▸ **SOURCE MATERIAL**
-=-=-

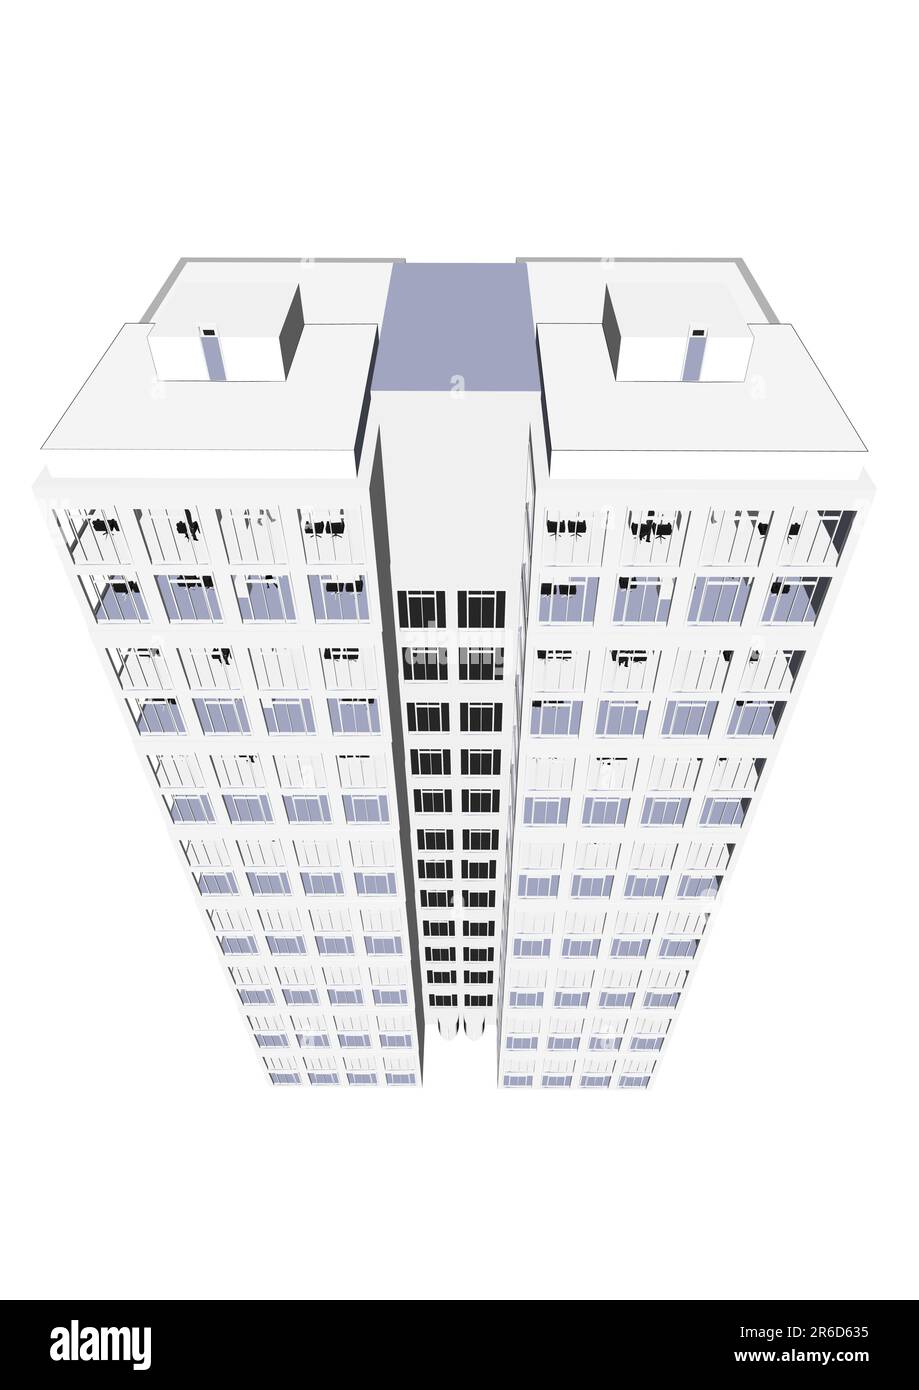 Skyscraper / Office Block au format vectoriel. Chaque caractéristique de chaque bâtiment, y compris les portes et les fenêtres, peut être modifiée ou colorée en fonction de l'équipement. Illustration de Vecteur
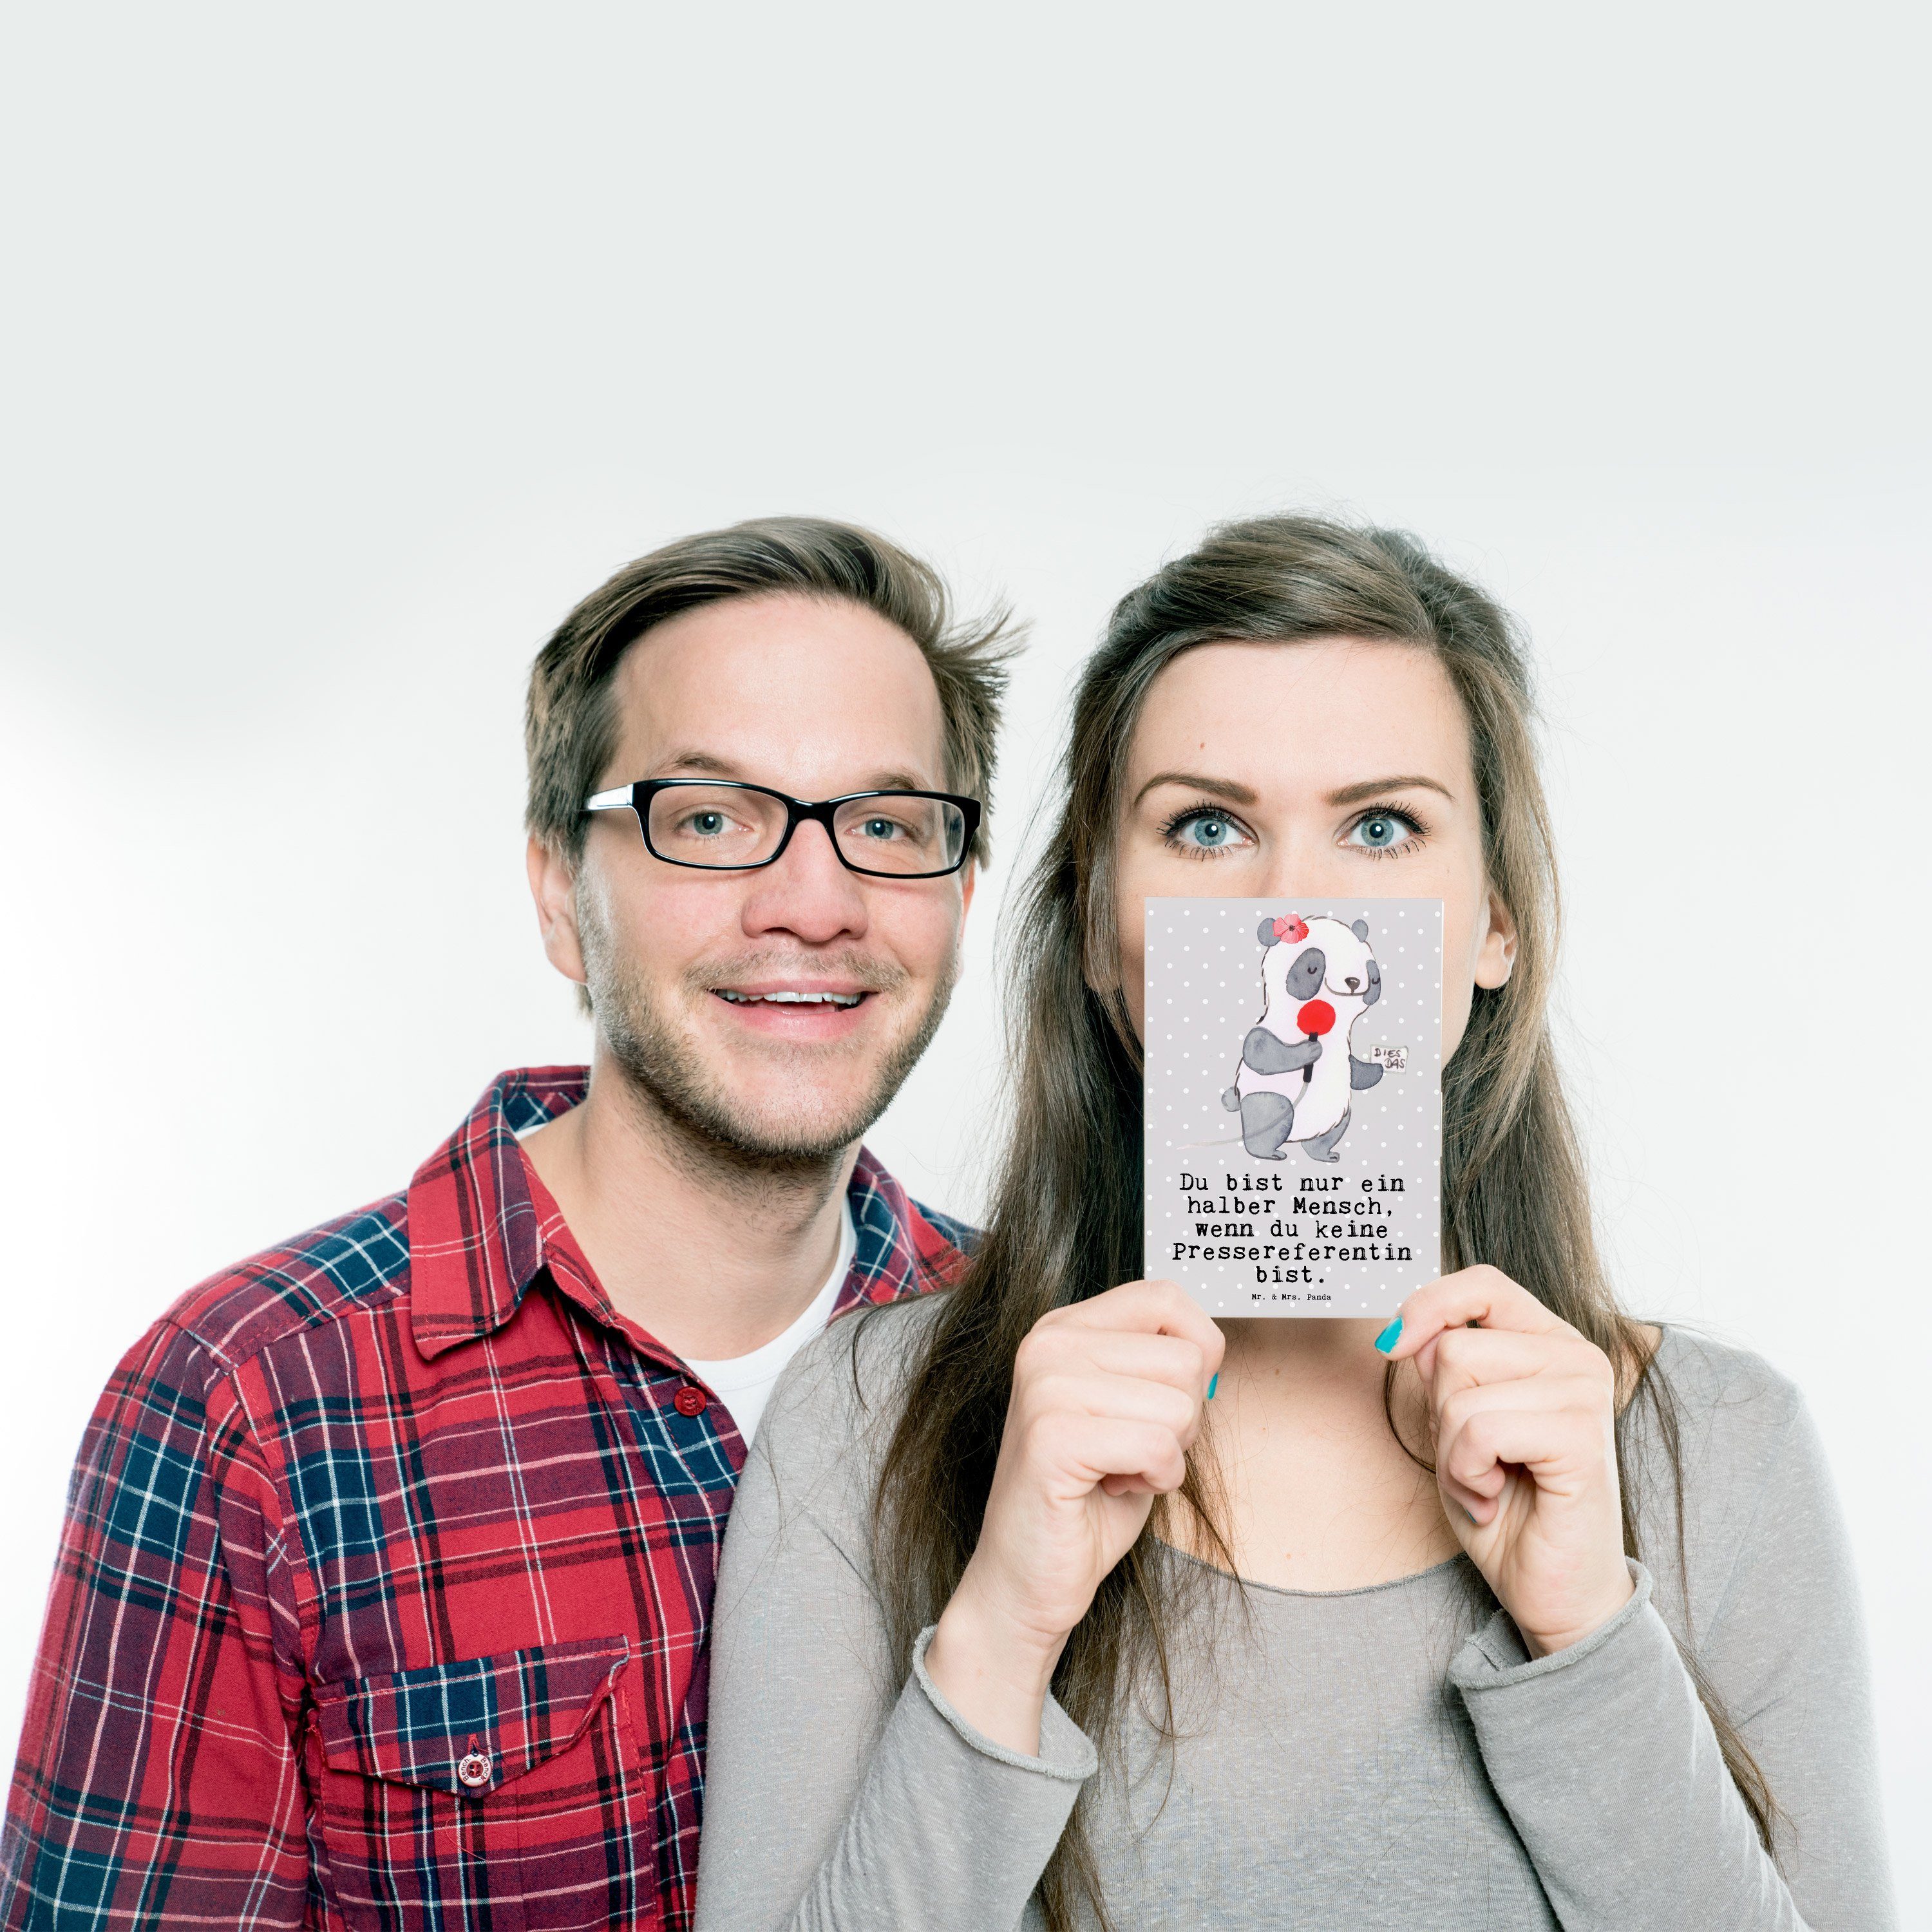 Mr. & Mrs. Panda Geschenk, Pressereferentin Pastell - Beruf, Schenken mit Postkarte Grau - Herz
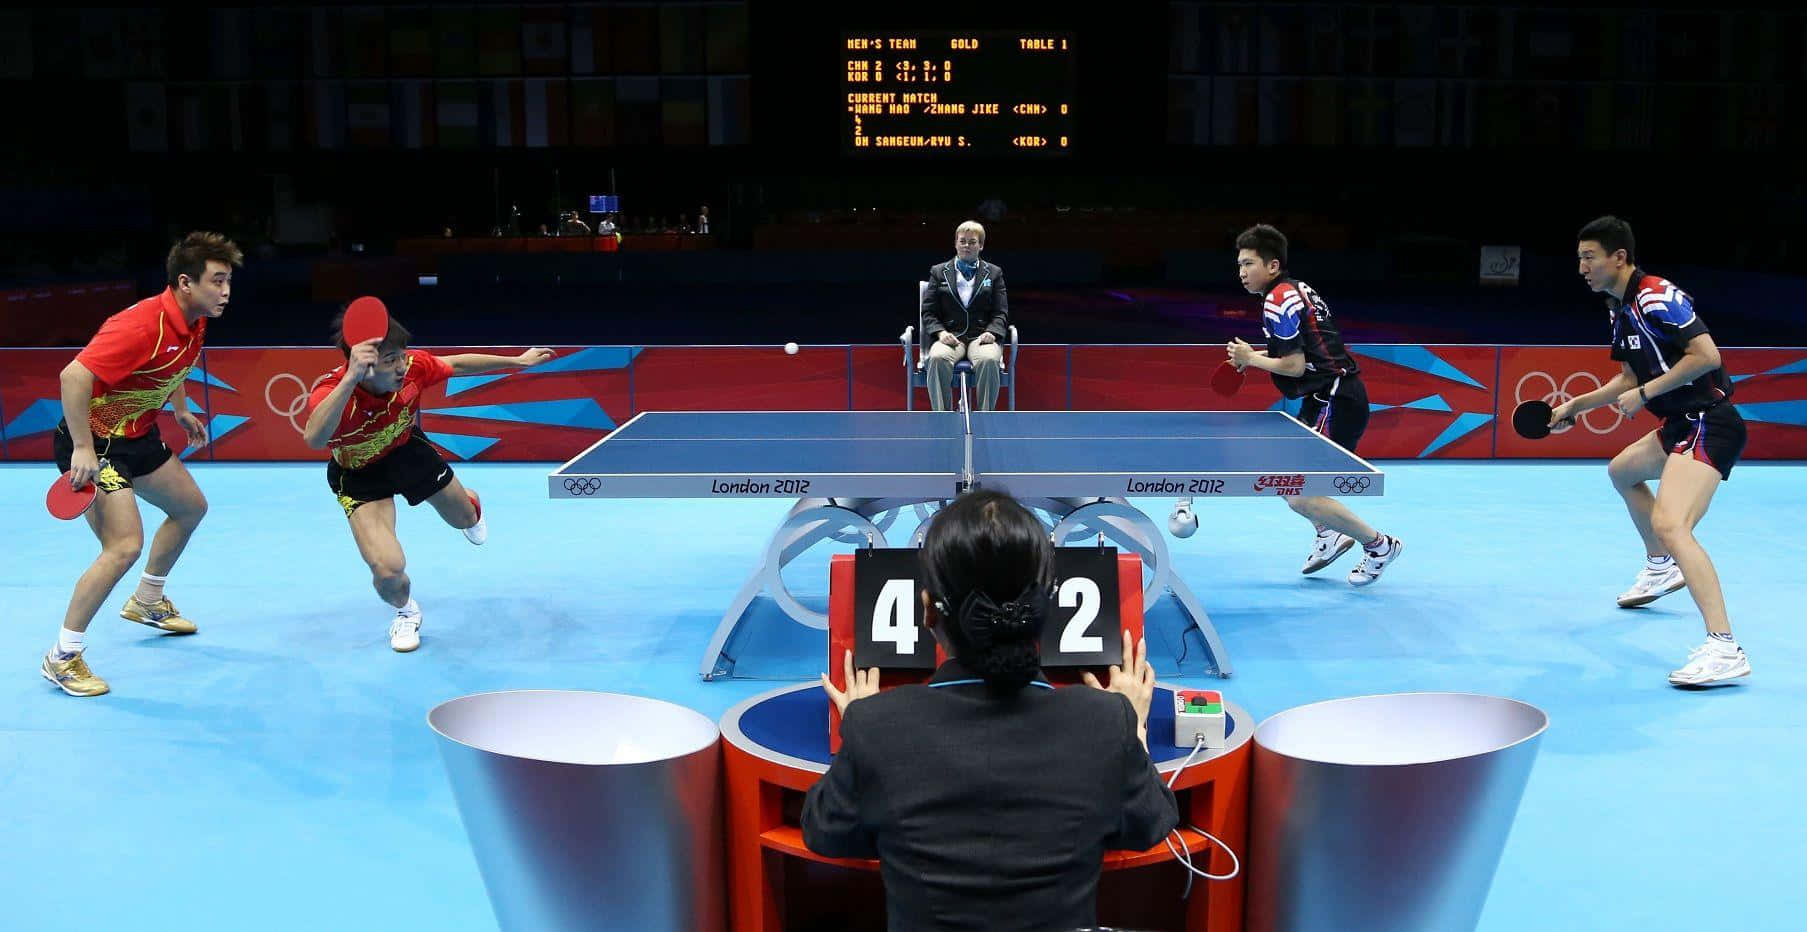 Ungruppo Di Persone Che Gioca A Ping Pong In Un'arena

-=-=-

▸ **WHAT NEEDS TO BE DONE**
Keep the pictures out, and write out the rest of the data above word for word.

▸ **SOLUTION FOR THIS TASK**
 Skyscraper / Office Block au format vectoriel. Chaque caractéristique de chaque bâtiment, y compris les portes et les fenêtres, peut être modifiée ou colorée en fonction de l'équipement. Illustration de Vecteur
 Mr. & Mrs. Panda Geschenk, Pressereferentin Pastell - Beruf, Schenken mit Postkarte Grau - Herz
 Ungruppo Di Persone Che Gioca A Ping Pong In Un'arena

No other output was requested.